[SUPPLIED DATA]
_ _ _ _ _

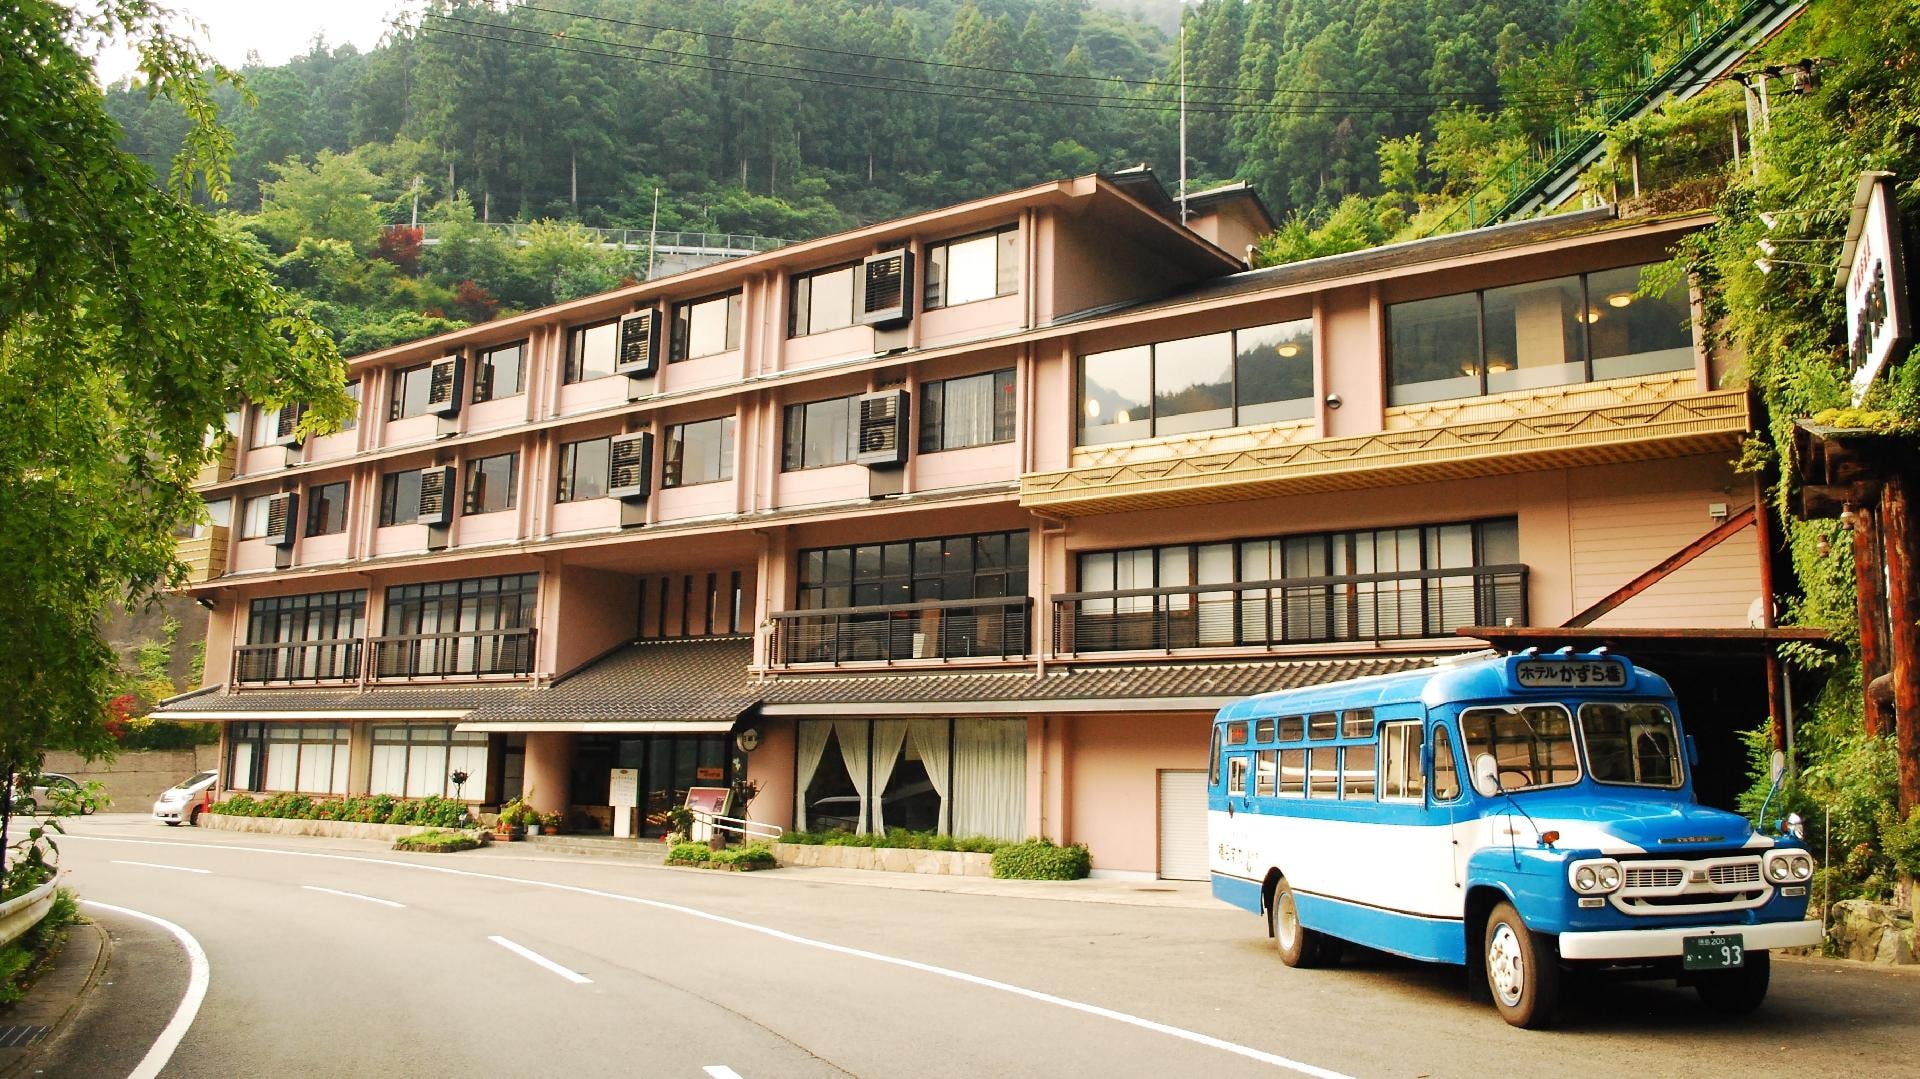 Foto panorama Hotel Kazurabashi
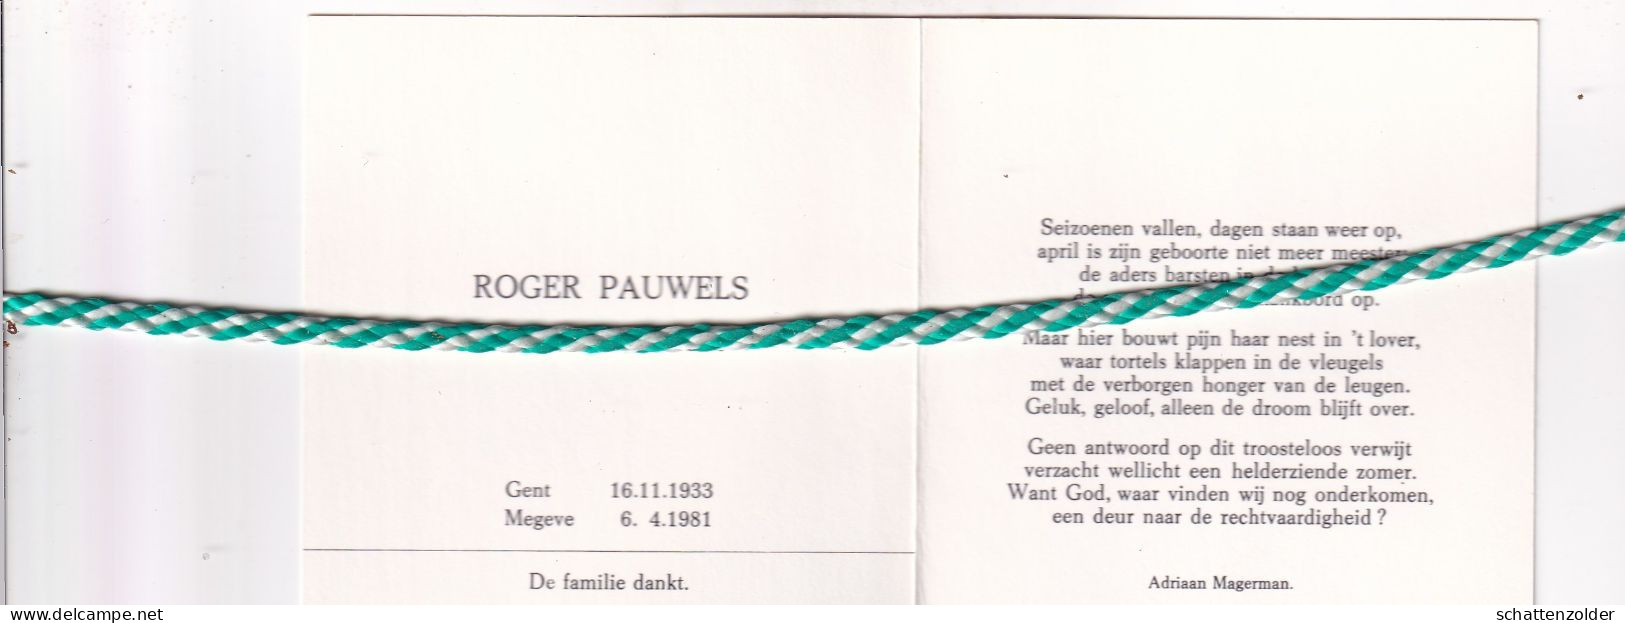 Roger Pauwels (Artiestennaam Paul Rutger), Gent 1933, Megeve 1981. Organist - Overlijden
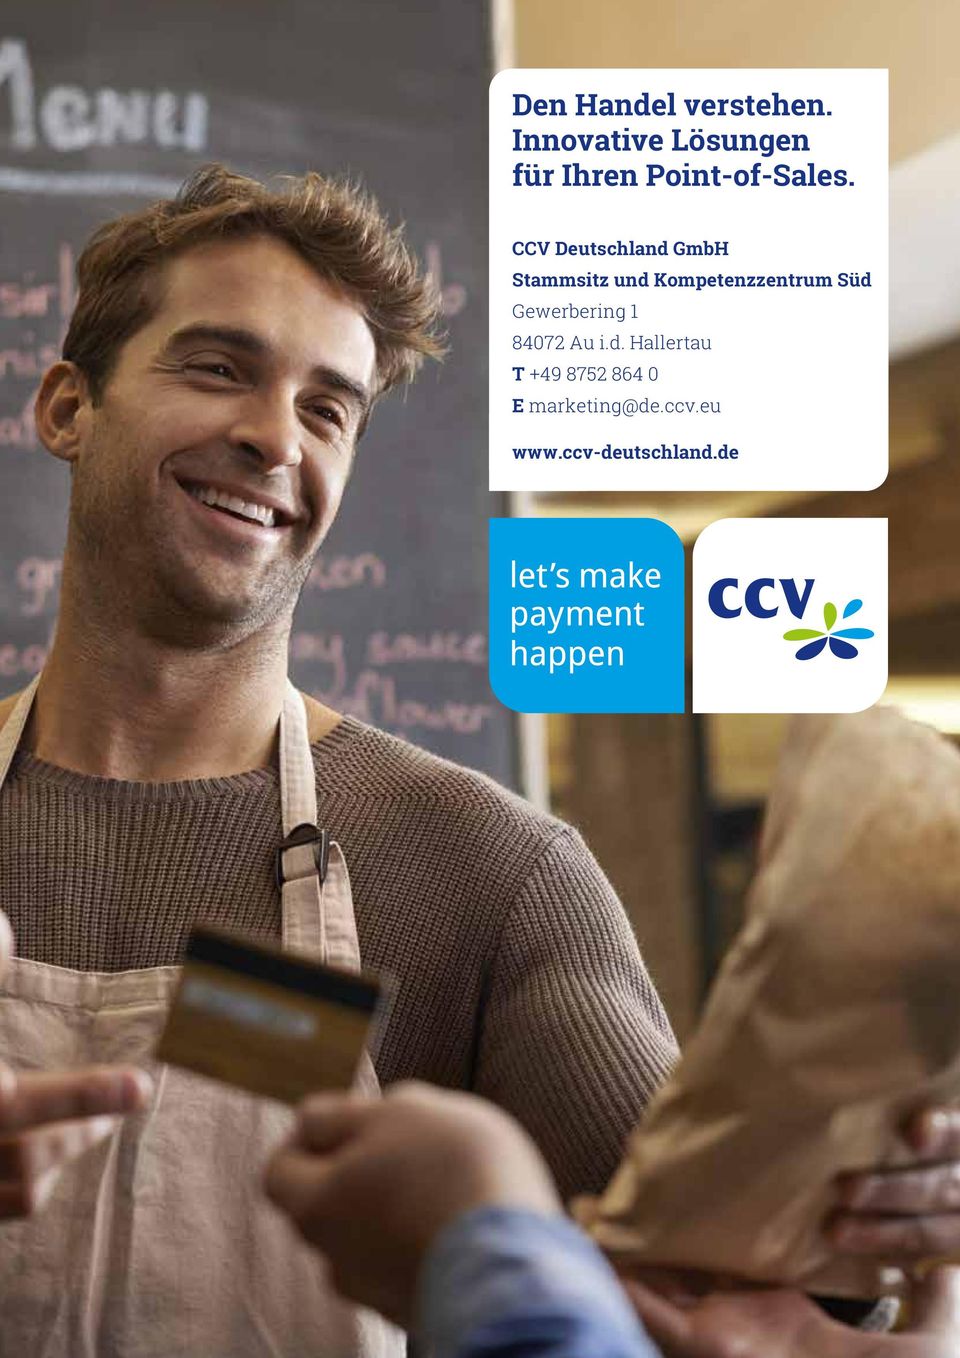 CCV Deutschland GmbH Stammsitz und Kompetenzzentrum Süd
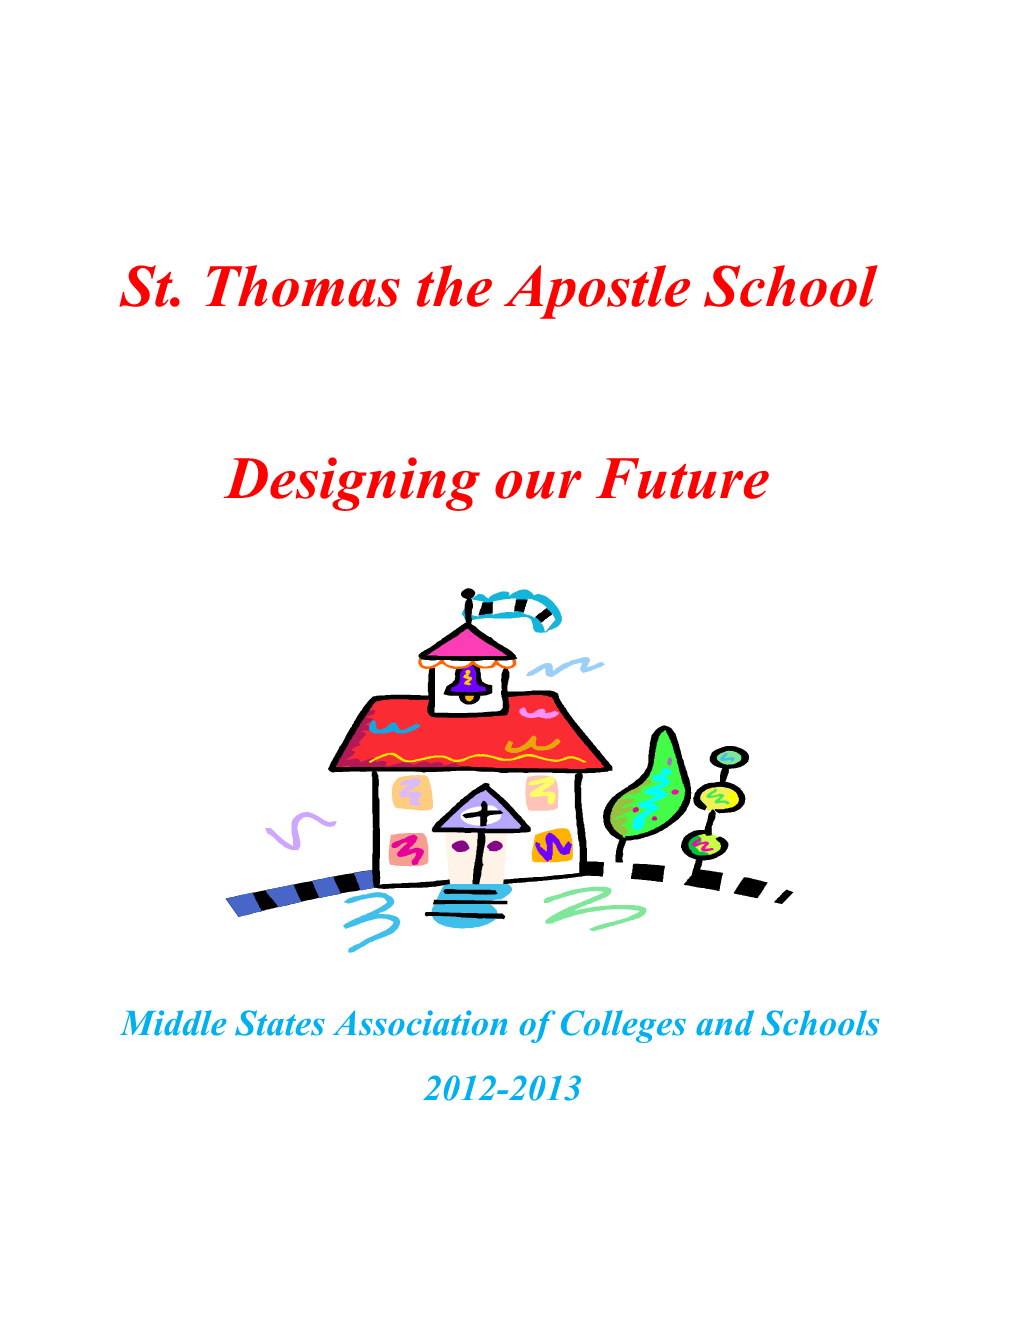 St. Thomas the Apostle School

_ _ _ _ _

[ASSIGNED TASK] The lines to copy run from the line containing "CCV Deutschland GmbH" through the end of the data above; copy exactly those, minus the pictures.

[ANSWER AREA]
 CCV Deutschland GmbH Stammsitz und Kompetenzzentrum Süd
 St. Thomas the Apostle School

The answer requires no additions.